Voice Interaction Model
First, we must design the fact skill’s voice interaction model. We need to consider the way we want the user to interact with the skill. What is the user’s conversational journey? How do they invoke your skill? How will the user provide intent?
This skill will require two intent slot values, the fact the user is interested in (i.e. ‘global infrastructure’) and the user’s first name (i.e. ‘Susan’). We will train the skill to allow Alexa to query the user for each slot value, but also allow the user to provide either or both values in the initial intent invocation. We will also allow the user to request a random fact.
Shown below in the Alexa Skills Kit Development Console Test tab are three examples of interactions the skill is trained to understand and handle:
- The first example on the left invokes the skill with no intent (‘Alexa, load Azure Tech Facts). The user is led through a series of three questions to obtain the full intent.
- The center example is similar, however, the initial invocation contains a partial intent (‘Alexa, ask Azure Tech Facts for a fact about certifications’). Alexa must still ask for the user’s name.
- Lastly, the example on the right is a so-called ‘one-shot’ invocation (‘Alexa, ask Azure Tech Facts about Azure’s platforms for Gary’). The user’s invocation of the skill contains a complete intent, allowing Alexa to respond immediately with a fact about Azure platforms.
In all cases, our skill has the ability to continue to provide the user with additional facts if they chose, or they may cancel at any time.
We also need to design how Alexa will respond. What is the persona will Alexa assume through her words, phrases, and use of Speech Synthesis Markup Language (SSML).
User Interaction Previews
Here are a few examples of interactions with the final Alexa skill using an iPhone 8 and the Alexa App. They are intended to show the rich conversational capabilities of custom skills more so the than the display, which is pretty poor on the Alexa App as compared to the Echo Show or even Echo Spot.
Example 1: Indirect Invocation
The first example shows a basic interaction with our Alexa skill. It demonstrates an indirect invocation, a user utterance without initial intent. It also illustrates several variations of user utterances (YouTube).
Example 2: Direct Invocation
The second example of an interaction our skill demonstrates a direct invocation, in which the initial user utterance contains intent. It also demonstrates the user following up with additional requests (YouTube).

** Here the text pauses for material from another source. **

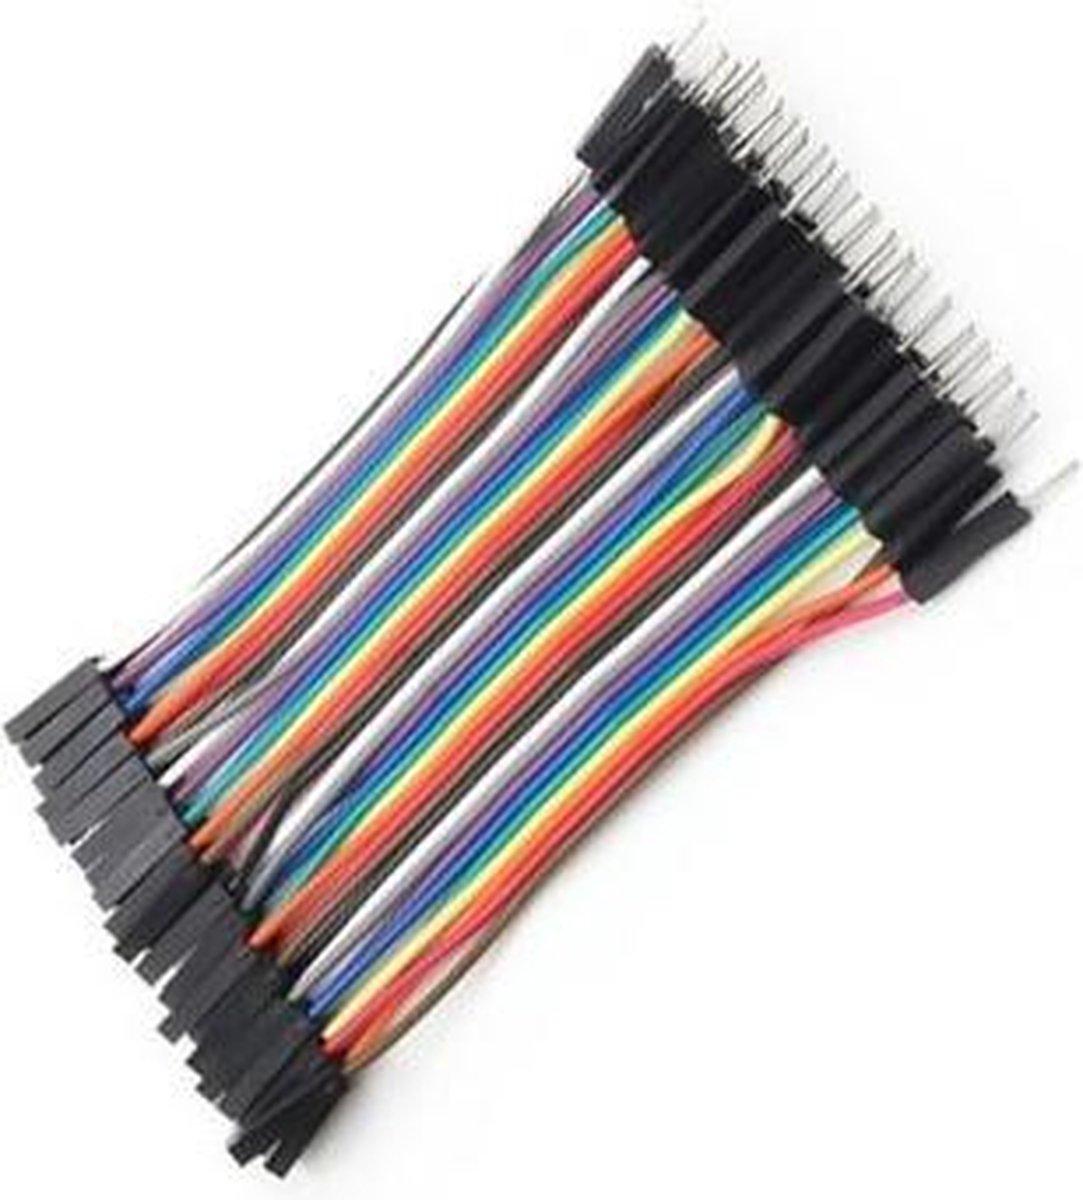 Dupont Jumper kabels 40 stuks (Male-Female) 10cm voor Breadboard - Arduino

Example 3: Direct Invocation, Help, Problem
Lastly, another direct invocation demonstrates the use of the Help Intent. You also see an example of when Alexa does not understand the user’s utterance. The user is able to repeat their request, more clearly (YouTube).
Visual Interaction Model
Many Alexa-enabled devices are capable of both vocal and visual responses. Designing for a multimodal user experience is important. The instructional skill will provide vocal responses, as well as Display Cards optimized for the Amazon Echo Show. The skill contains a basic design for the Display Card shown during the initial invocation, where there is no intent uttered by the user.
The fact skill also contains a Display Card, designed to present the final Alexa response to the user’s intent. The content of the vocal and visual response is returned from DynamoDB via the Lambda function. The random Azure icons, available from Microsoft, are hosted in an S3 bucket. Each fact response is unique, as well as the icon associated with the fact.
The Display Cards will also work on other Alexa-enabled screen-based products. Shown below is the same card on an iPhone 8 using the Amazon Alexa app. This is the same app shown in the videos, above.
DynamoDB
Next, we create the DynamoDB table used to store the facts the Alexa skill will respond with when invoked by the user. DynamoDB is Amazon’s non-relational database that delivers reliable performance at any scale. DynamoDB consists of three basic components: tables, items, and attributes.
There are numerous ways to create a DynamoDB table. For simplicity, I created the AzureFacts
DynamoDB table using the AWS CLI (gist). You could also choose CloudFormation, or create the table using any of nine or more programming languages with an AWS SDK.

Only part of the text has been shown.